- _Task requirements_
Below are entries. Copy exactly the lines running from the line that holds "Chloe - Boots" to the line that holds "Reparación de piscina", with both ends included.

- _Exercise material_
-*-
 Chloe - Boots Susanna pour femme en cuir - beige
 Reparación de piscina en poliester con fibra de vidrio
-*-
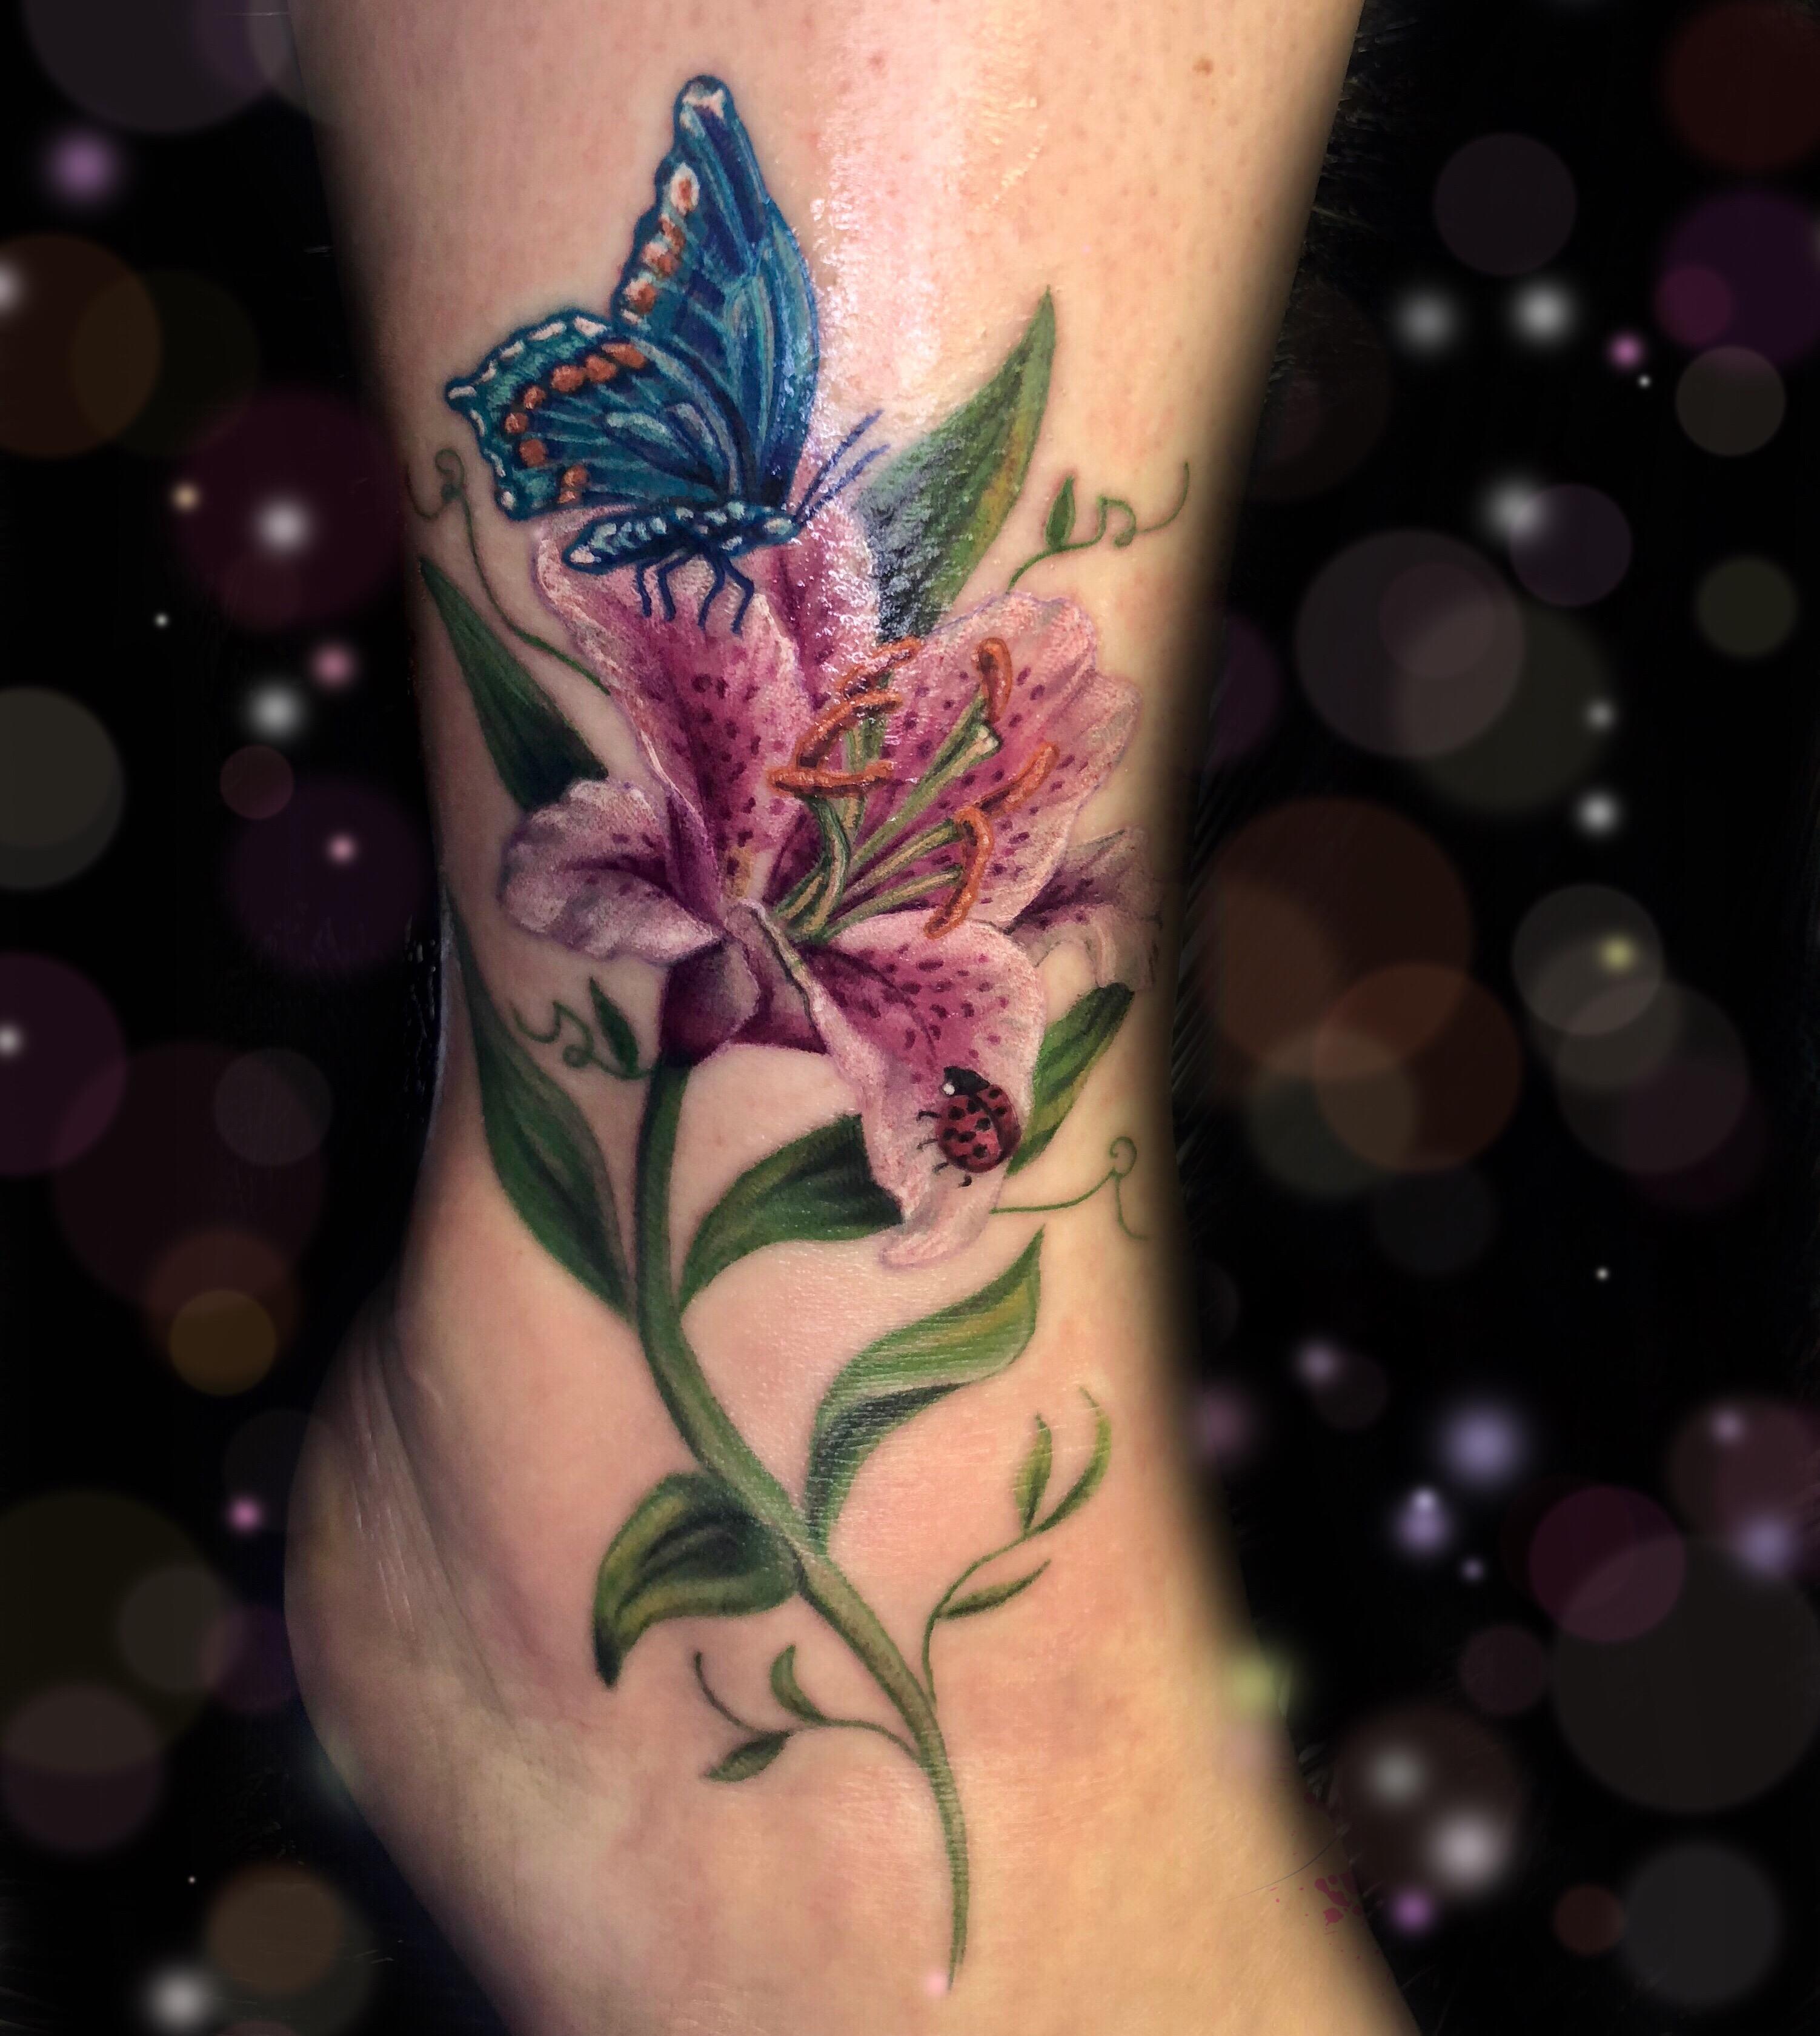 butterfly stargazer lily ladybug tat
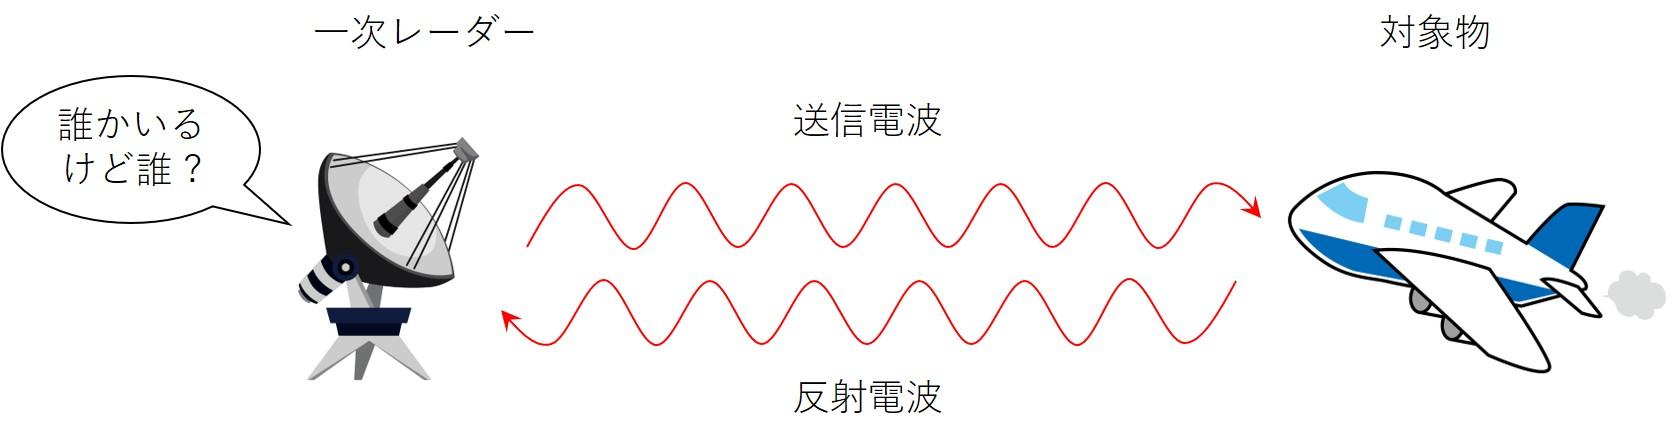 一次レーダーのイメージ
-*-
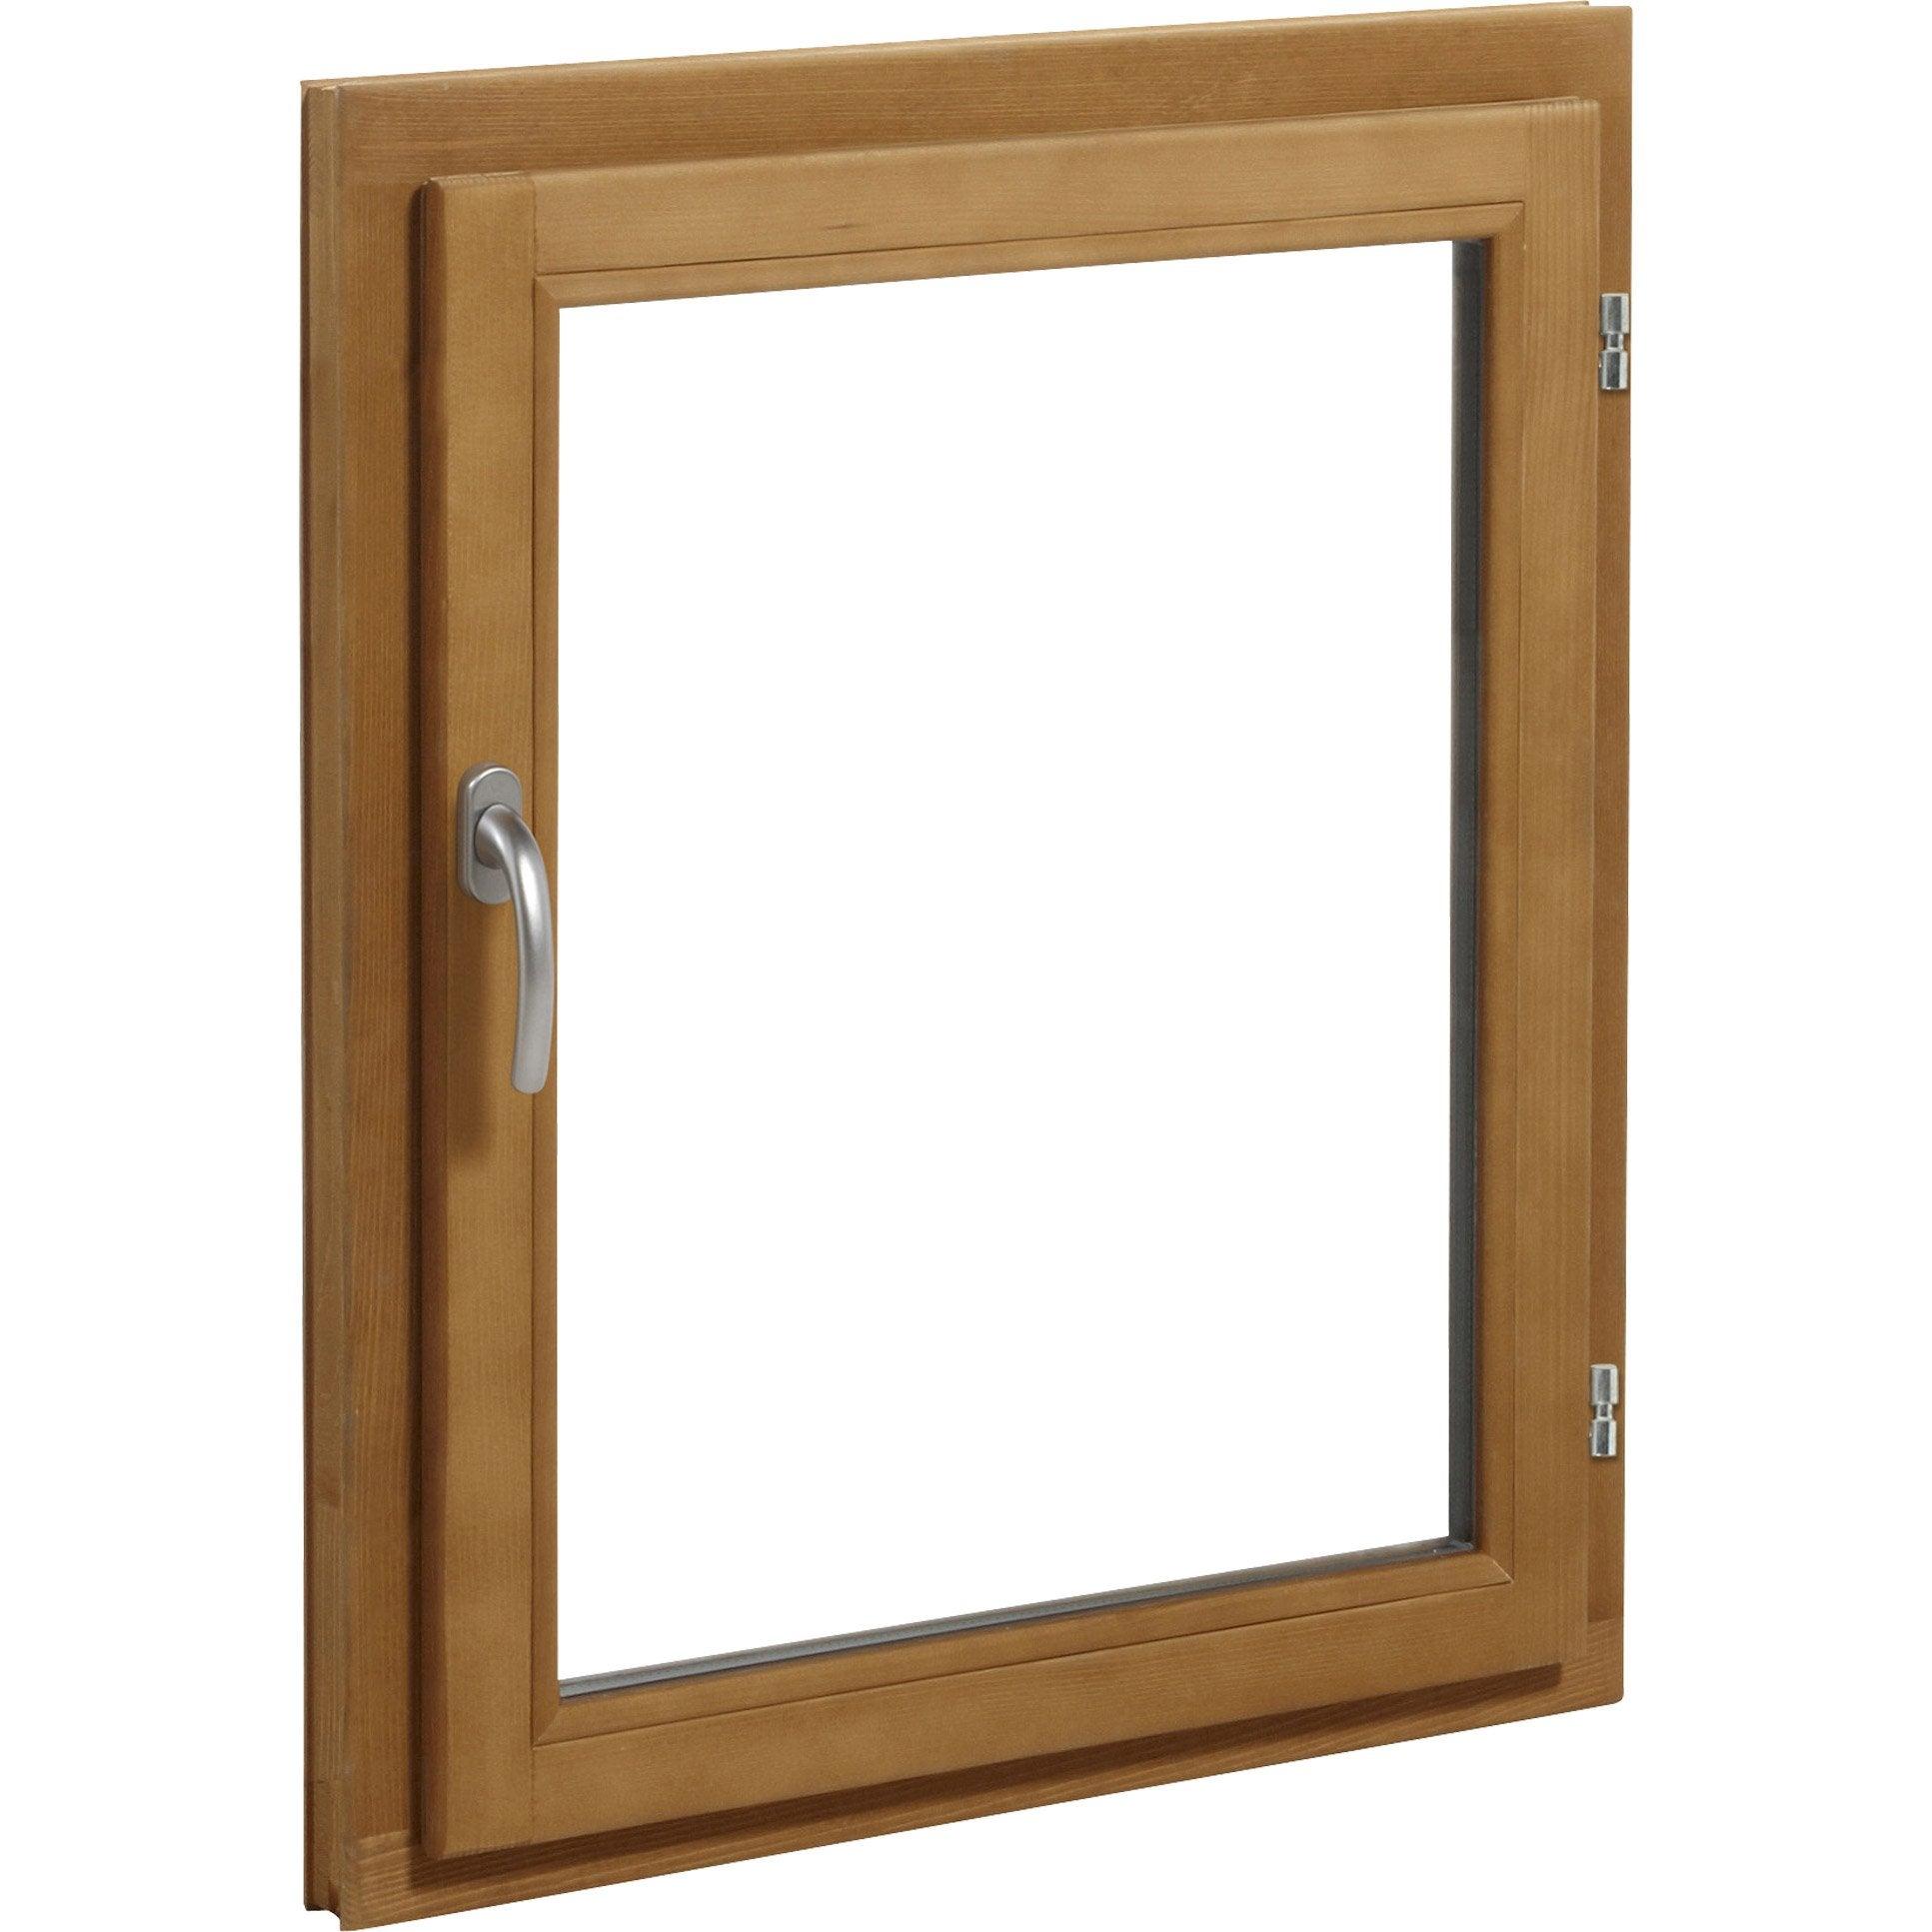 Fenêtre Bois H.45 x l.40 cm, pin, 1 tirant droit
-*-
- _Exercise result_
 Chloe - Boots Susanna pour femme en cuir - beige
 Reparación de piscina en poliester con fibra de vidrio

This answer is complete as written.